Despite many claims to the contrary, the global economy is far from healed which explains the need for ongoing global central bank interventions. However, even these interventions seem to be having a diminished rate of return in spurring real economic activity despite the inflation of asset prices.
Despite the ongoing rhetoric of those fearing inflation due to the Fed's monetary interventions the reality is that such actions have, so far, failed to overcome the deflationary forces of weak global demand."
What is quickly being realized on a global basis is that injecting the system with liquidity that flows into asset prices, does not create organic economic demand. Both Japan and the Eurozone's interventions have failed to spark inflationary pressures as the massive debt burden's carried by these countries continues to sap the ability to stimulate real growth. The U.S. is facing the same pressures as continued stimulative measures have only succeeded in widening the wealth gap but failed to spark inflation or higher levels of economic prosperity for 90% of Americans.
When interest rates spiked in 2013, and many calls for the "death of the bond bull" were being made, I was one of the few screaming that this would not be the case. The reason for my steadfast belief was simply the lack of the three catalysts required to spark inflation: rising commodity prices, rising wages and increased monetary velocity.
(Read this for more on the construction of the index)
The reason I am dredging all of this history is to reiterate the point that Central Bank interventions have been proven NOT to be inflationary NOR effective in stimulating actual organic economic growth.
As stated by Bloomberg:
"Inflation expectations have plummeted in the past three months, with yields of Treasuries implying consumer prices will rise an average 1.5 percent annually through the third quarter of 2019. In the past decade, those predictions have come within 0.1 percentage point of the actual rate of price increases in the following five years, data compiled by Bloomberg show."

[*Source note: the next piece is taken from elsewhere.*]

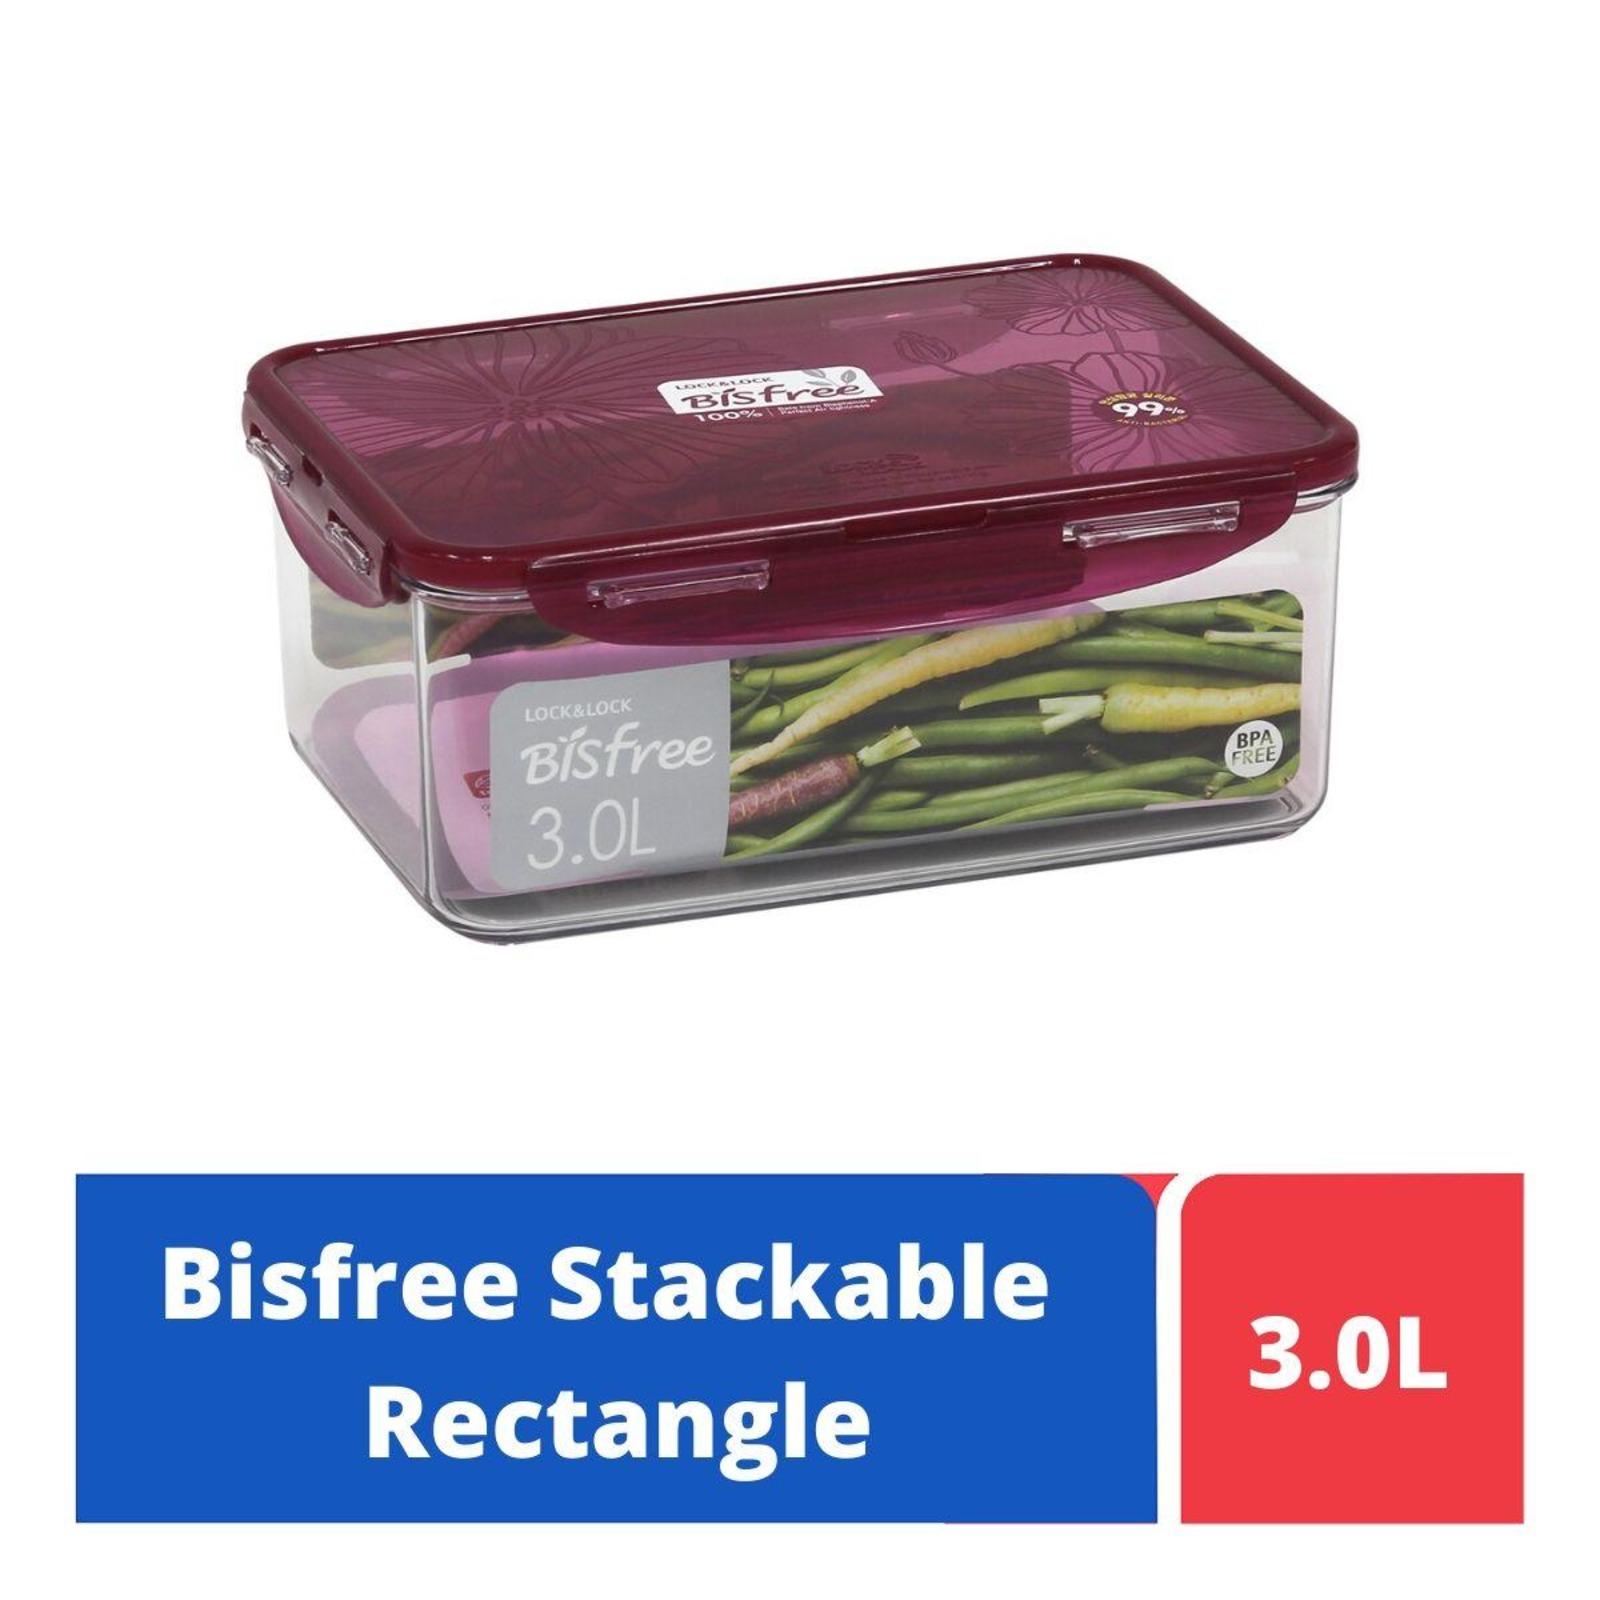 LOCK&LOCK Bisfree Food Container 3L - Red

What Bloomberg is addressing is that both the drop in Treasury yields, along with the decline of "Breakeven Inflation Rates" (the spread between equivalent treasury and inflation-adjusted rates), are suggesting that inflationary pressures are nowhere on the horizon. It also suggests that expectations for 3% economic growth over the next several quarters is also likely to come up short.
The Recent Rally May Not Last
That is the title to an article by Michael Kahn at Barron's which has extremely similar tone to a piece I wrote earlier this week entitled "Be Cautious: Correction May Not Be Over."
Michael makes a couple of good points that confirms much of my analysis, to wit:
"Since the steadiest part of the bull market began two-years ago, every pullback was very sharp and very quick. Some call them 'V' bottoms although that term is really reserved for the end of bear markets, not market dips. However, the meaning is similar as the market’s mood turned on a dime from fear to greed."
"There is something profoundly different about the rebound this week versus prior rebounds. This time, it occurred below the bull market trendline. When a major trendline such as this is broken to the downside, strict interpretation of the technicals says that the bull is over. Therefore, rebounds now take place in the context of a flat or even falling market, not a bull market."
The recent correction has inflicted a good bit of technical damage to the market that is unlikely to be cleared on an extremely short-term basis. While anything is certainly possible, the ability of the markets to make a run at new highs is much more suspect given the extraction of the Fed's liquidity driven support next week. This is a set-up we have seen previously as I pointed out in my analysis earlier this week.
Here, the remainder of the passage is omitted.